Photo | BBC Films
The reason Renée Zellweger is nominated for Best Actress as Judy Garland in “Judy” in most major awards this year — while the movie itself is not nominated for Best Picture — is obvious: There is not much to the film besides her. Portraying the final few years of Garland’s painfully shortened life, Zellweger shows us a tremendously accomplished woman who is still terribly frail and vulnerable, and brings to life her triumphs as a performer and the great toll these glories took.
When the film begins, a leery young Garland is strolling down the yellow brick road with the domineering studio head Louis B. Mayer as he lays out her future for her: She can either be an average nobody, or a star. To be a star, it is going to take major sacrifices, primarily caloric. Poor Garland just wants to be a kid and, later, just wants to be a mother to her own kids, but everyone who recognizes her incredible talent sees her as a cash cow and milks her accordingly. The other thing that keeps her performing, as one character says late in the film, is that “I don’t think she can help herself.”
By the late 1960s, Garland was in dire financial straits, moving her two young children from one hotel to another, lugging all of their possessions in suitcases. Compelled to take the only job offer she can get so she can eventually keep custody of her children, Garland reluctantly leaves them with their father and heads to London for a sold-out nightclub gig. When the trembling Zellweger finally turns on full Garland to perform onstage, it is electrifying. Zellweger really captures Garland’s physicality performing, and sings all the songs herself.

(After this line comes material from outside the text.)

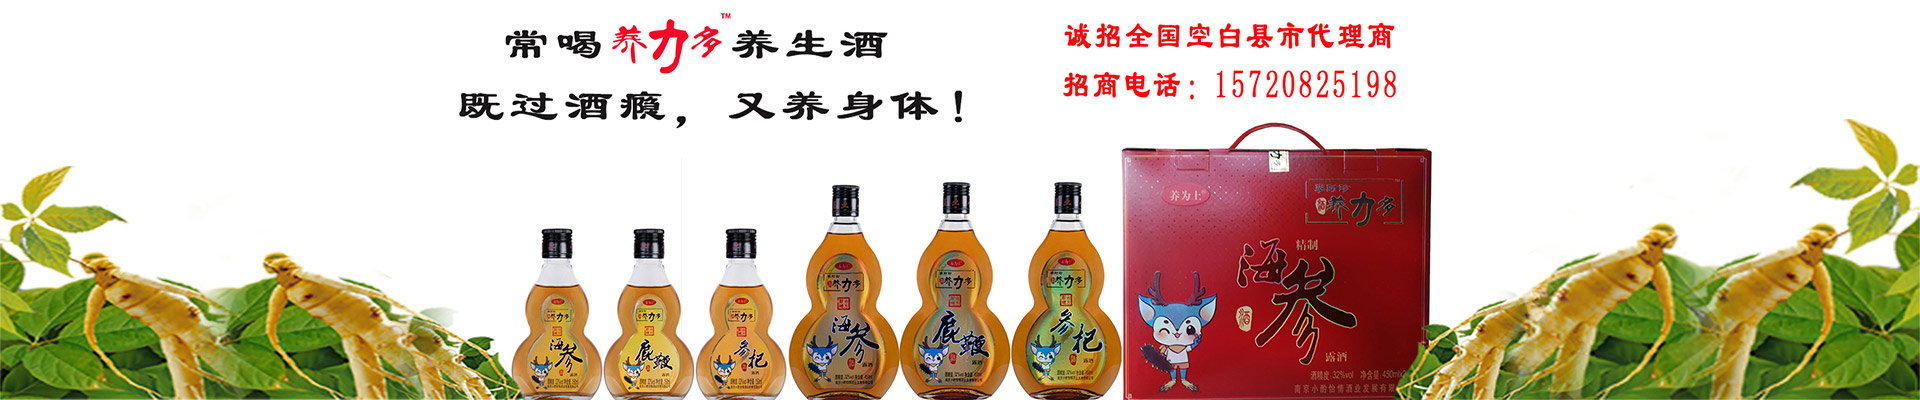 南京小酌怡情酒业发展有限公司

In addition to turning in a great performance, the choice of Zellweger for this role added another layer of meaning, as this film represents something of a comeback for Zellweger herself, who was a major ingénue and star years ago but then seemingly disappeared. (She won an Oscar in 2003 for “Cold Mountain.”) When I watched her playing poor Garland, still scared in her 50s to eat a slice of birthday cake and still popping the pills they forced on her as a kid, I remembered the furor over Zellweger’s supposedly shocking new appearance after a longish absence from the public eye. This role seems like a particularly meaningful way for Zellweger to make her comeback.
The flashbacks of Garland as a child amply explain the drug addiction she maintains as an adult and, of course, it is infuriating to see the level of control they put her under, because they wanted her to be thinner. The emotion is easy to feel, even when the structure of the film itself is a little dull and straightforward.
Individual scenes and characters are great, like the two gay guys she meets in London after one of her shows, huge fans who find themselves weeping with emotion as she sings “Get Happy” of all things, right in their kitchen. And while Zellweger’s outsized stage scenes are terrific, both the triumphs and the disasters, she is even more heartbreaking as an obviously loving and beloved mother to her two young kids. There is an early scene where you see her turn on her creativity, spirit and charm to cheer them up right before she takes the trip she does not want to take to London, and I have thought about that more than any of the louder parts of the film.
The overall effect of “Judy” is not terribly memorable, but Garland herself is. As a biopic, it is not extraordinary and it verges on cheesy more than once, but watch it to see what all the fuss over Zellweger is about. Of course, if you just like a juicy true Hollywood story, “Judy” has plenty of painful, behind-the-scenes details for you to dissect, and I for one will feel guilty every time I watch “The Wizard of Oz” from now on.
“Judy” is currently available to rent.